どうやら私に気を使って断ったのかもしれないと思うとまた苦しくなった。
今回はそんなんじゃないと思ってるし、出会ったばかりだし、でもそういうのを思い出させる光景だった。
ふとそんなことを考えながら歩いてたら、二人とはぐれてしまってアゲハからコールが聞こえるまでオロオロしていた。
コレラの指示はもらったけど生まれ持った方向音痴っぷりでどうしていいかわからなかったところで追跡術のスキルを使うといいというアドバイスをもらっていまは二人の足跡を辿りながら森の外へ向かっている。
自分がいつも空回りして、周りに迷惑かけまくって、それでもいつかきっといいことがあると思ってる。
ふと、前を見ると光が差し込み風が吹いてきた。
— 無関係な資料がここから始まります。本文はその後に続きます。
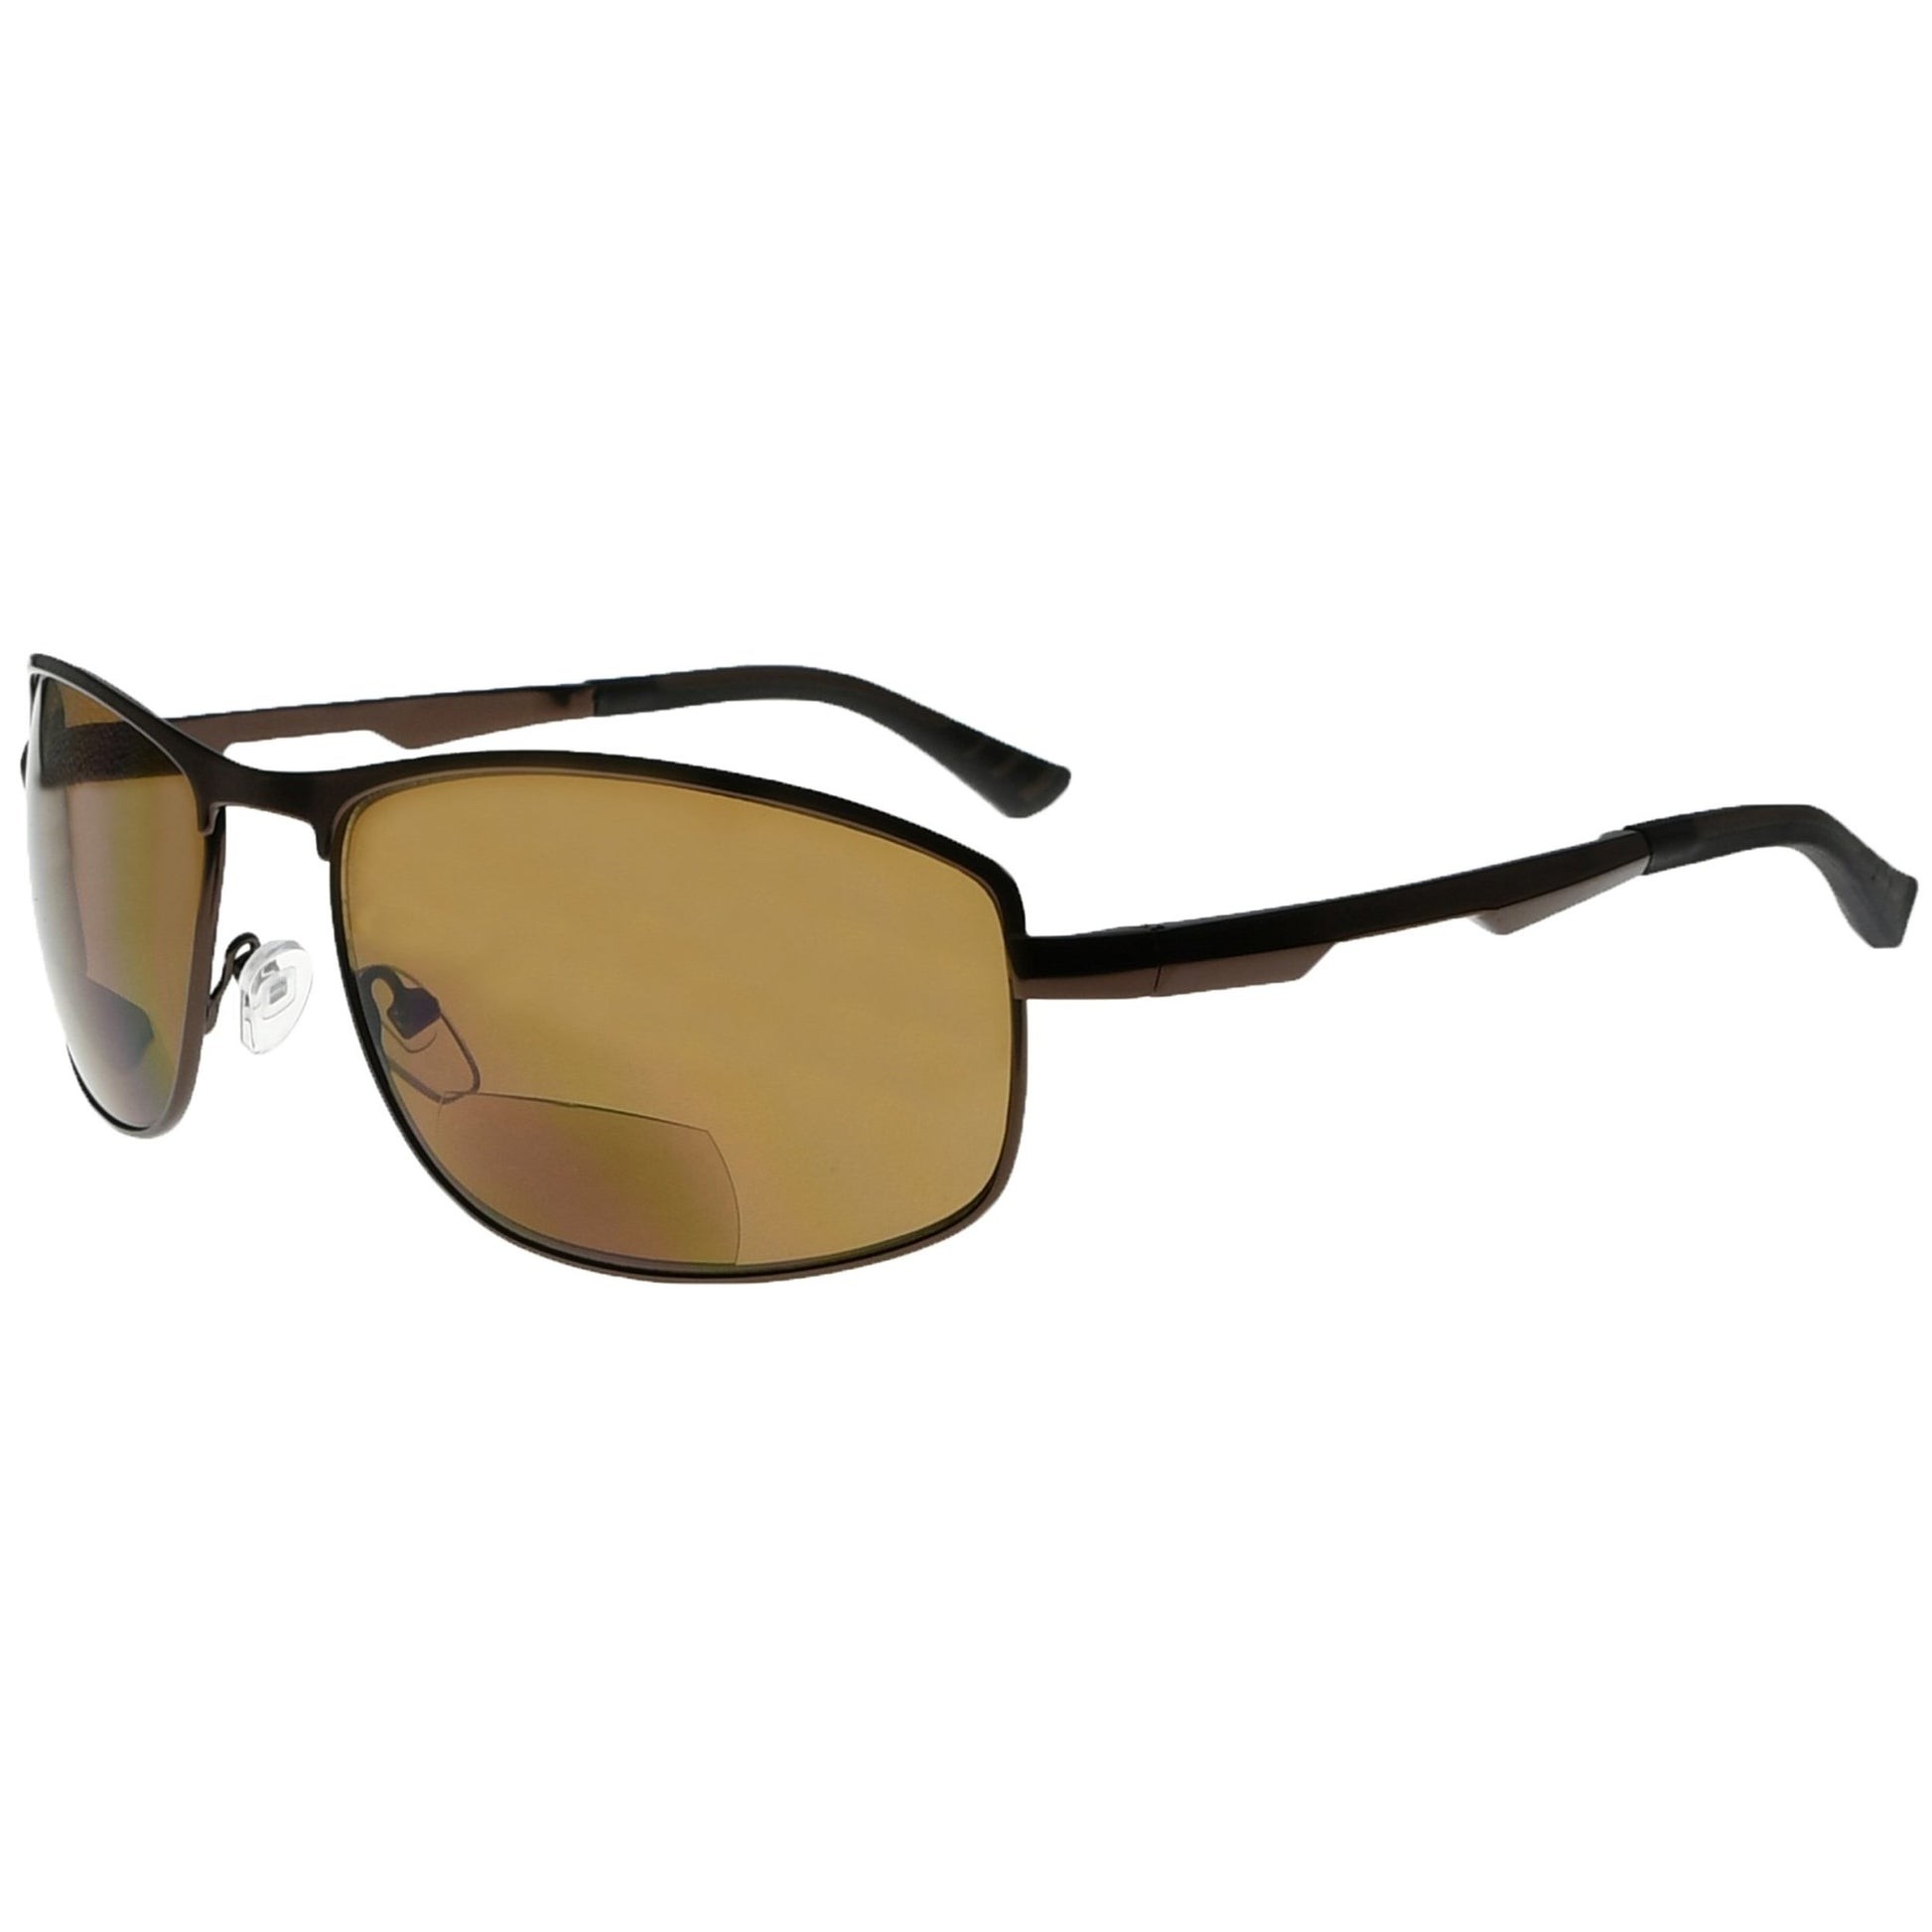 Bifocal Sunglasses Readers Outdoor SG801

どうやら暗い森もここまでのようだ。
「おねーちゃーん、遅いよー」
いつものようにしっかり者の妹が私を待っててくれる。
「よーやくご到着か、大冒険でもしてたのか?」
いっつも一言多いオヤジが憎まれ口を叩いてくる。
「うっさいわね、迷子じゃないし、色々拾いながら来たんだから!」
だめだ、素直になれない自分が勝ってに口をつかってしゃしゃり出てくる。
でもこの男は全然堪えた様子もなく笑顔になり、頭をなでてくる。
「そうか、そりゃあ偉いな、狩人はそういうプレイが基本だ、よくできました」
私は頭を払いのけ、収納袋から黄金色の果実を取り出し、男に押し付ける。
迷っていた最中に偶然大きな木の下に出た際、一個だけ生っていたのをちぎっていたのだ。
「べ、別に感謝してるわけじゃないんだからねっただ世話になったからただのお礼なんだからっ」
すると隣にいた妹が驚いた様子で失礼なことを言ってくる。
「お、おねぇちゃんが贈り物!、しかも男の人に!ありえない・・・」
「私だってこれくらいするわよ!」
男はひとしきり眺めた後、果実を収納袋にしまうと、代わりに小さな小物を取り出し、目の前に差し出した。
「お礼はもらっておくけどちょっともらいすぎだな、コレやるよ、妹さんとわけな」
男が差し出したモノは二点、ひとつは植物の実が連なった髪飾りと木彫りの十字架だった。
「私たち同じものじゃないと喧嘩になるんだけど・・・」
「おねーちゃんわたしこっちがいい!」
「駄目、あたしがどっちも預かっておくから、あんたは私の許可を得て使うの!」
「そんなこといって私が彼からもらった香水でもバッグでもなんでも使っちゃうじゃない!」
「なに言ってるのよ!あんたが彼と仲良くやれてるのは私のおかげでしょうが!」
「それとこれとは話が別でしょ!」
それを見ていた男はあきれたように、仲がいい姉妹だなぁと呟いていた。
それを聞き逃さなかった私たちはつい声を揃えてしまった。